I didn’t know what to expect when I showed up to tea. I know I didn’t expect to feel as energized and invigorated as I did when I left. Jan told us a few stories about her life as an author and a person, then listened excitedly to us tell her about our recent experiences writing for children. Jan’s sugary smile filled the room as her cookies filled my belly with sugar. It’s hard not to like someone who appreciates my sarcastic sassiness (she referred to it as ‘wit’). I look forward to more tea (and cookies) and swapping wit with Jan soon.

Tea and Cookies

In the words of Jan Slepian, poet: “Don’t join the crowd who wonders where the time went … toss the unanswerables … and lighten my load.” * Now I’m gonna go try to live every day as if I’m 93.

* copyright Jan Slepian 2013

6 thoughts on “Tea with Miss Jan

  1. Thanks, Josh.
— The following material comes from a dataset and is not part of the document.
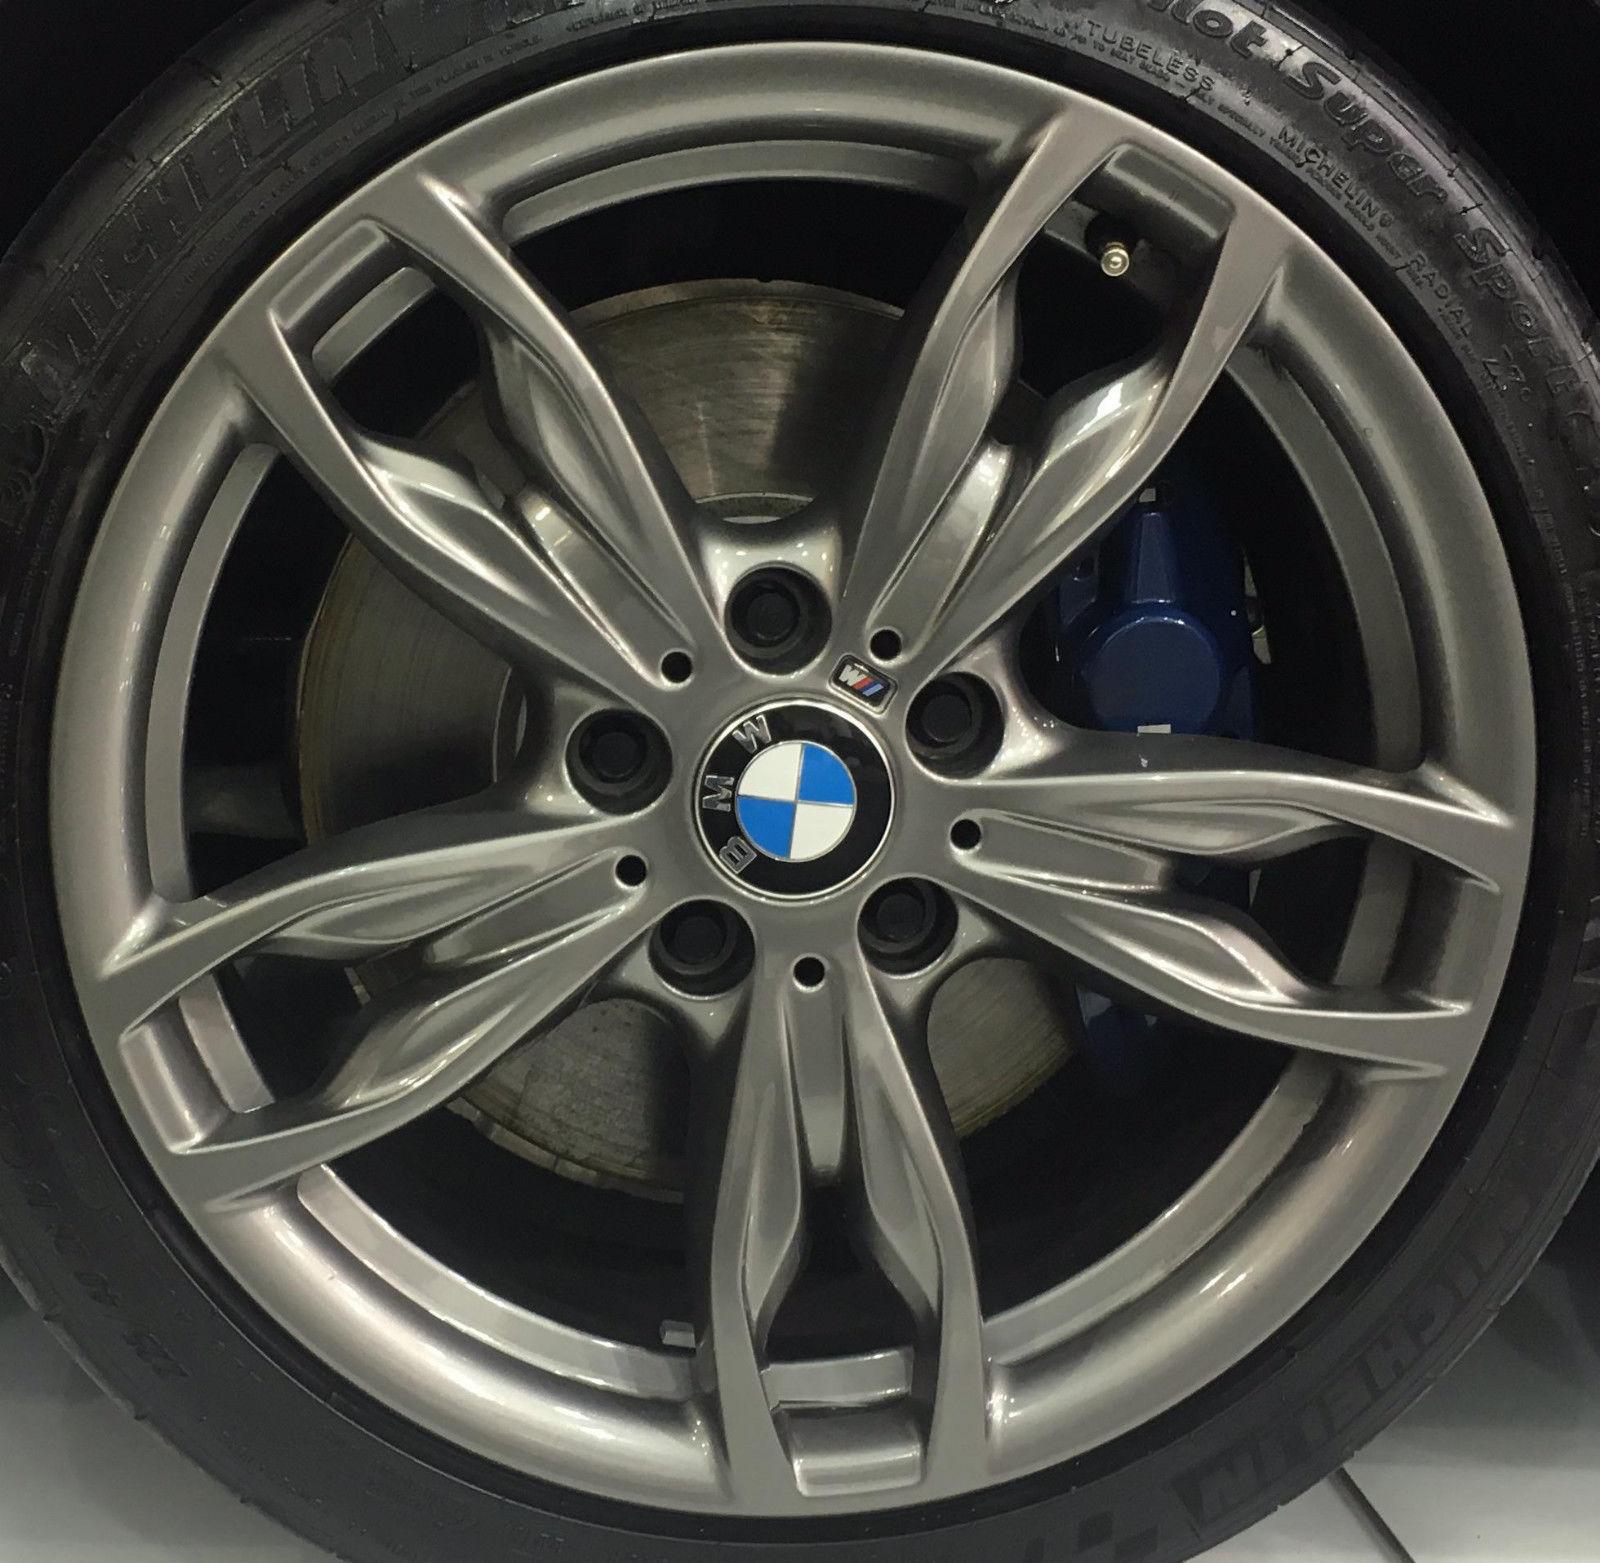 Bmw M5 F10 >> BMW FERRIC GREY METALLIC (24-00-16) [WP-24-00-16] - £15.51 : Wheel Paints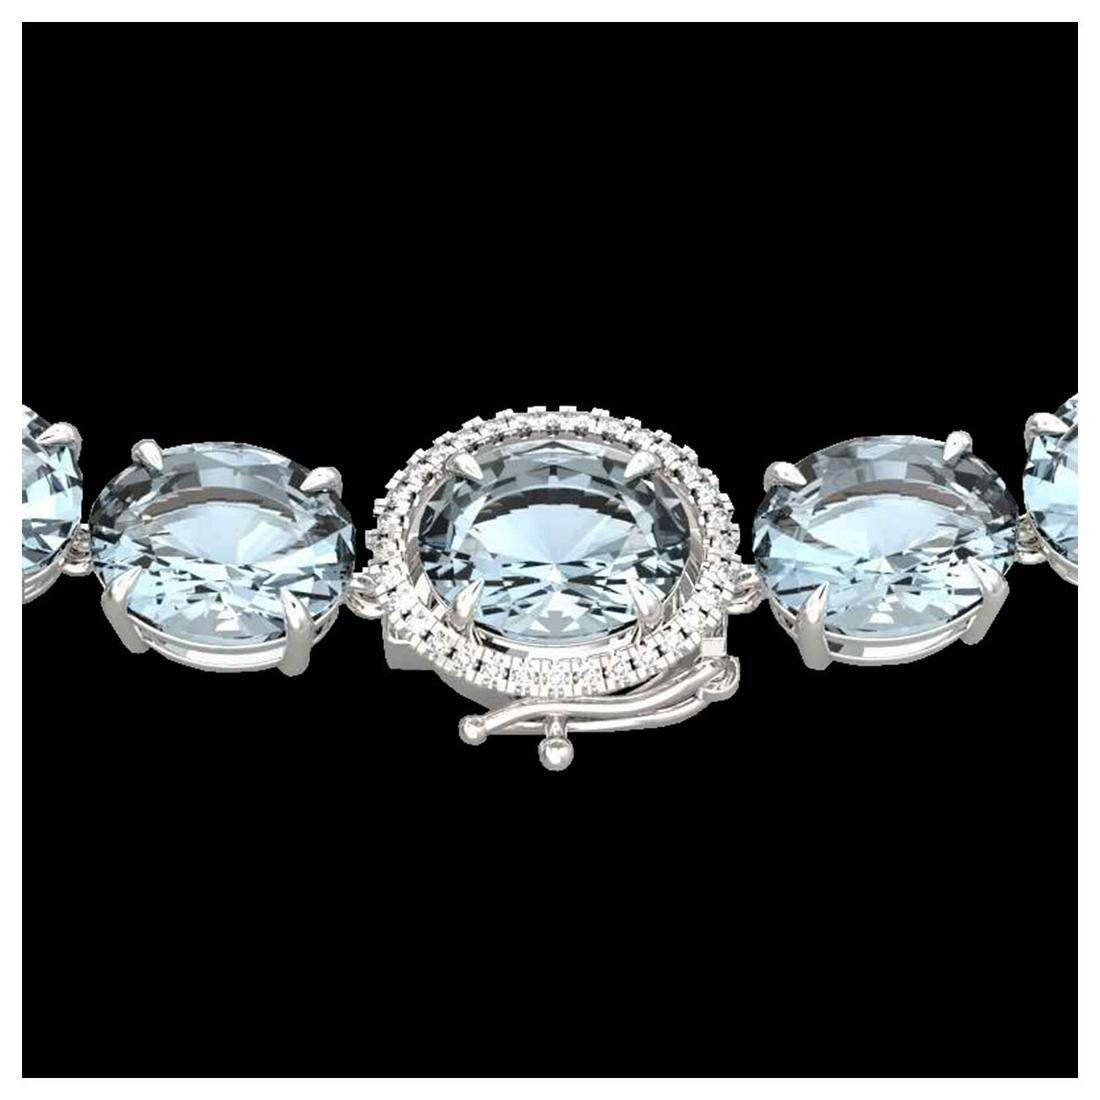 177 ctw Sky Blue Topaz & Diamond Necklace 14K White

I enjoyed meeting all of you, too! For me, my mom’s career is a testimony to the redemptive power of art and creativity. She launched her young adult novel-writing career when she became an empty nester at 60, and it buoyed her for the next three decades. Writing The Alfred Summer transformed the hardest thing in her life (her disabled older brother Alfred) into the best thing of her life (a book that touched thousands). And becoming engrossed with poetry this year is giving her old-old age new creative purpose. Isn’t that amazing? I experience the same thing through performing Playback Theater (see website in signature) which I hope to do until I’m as old as she is.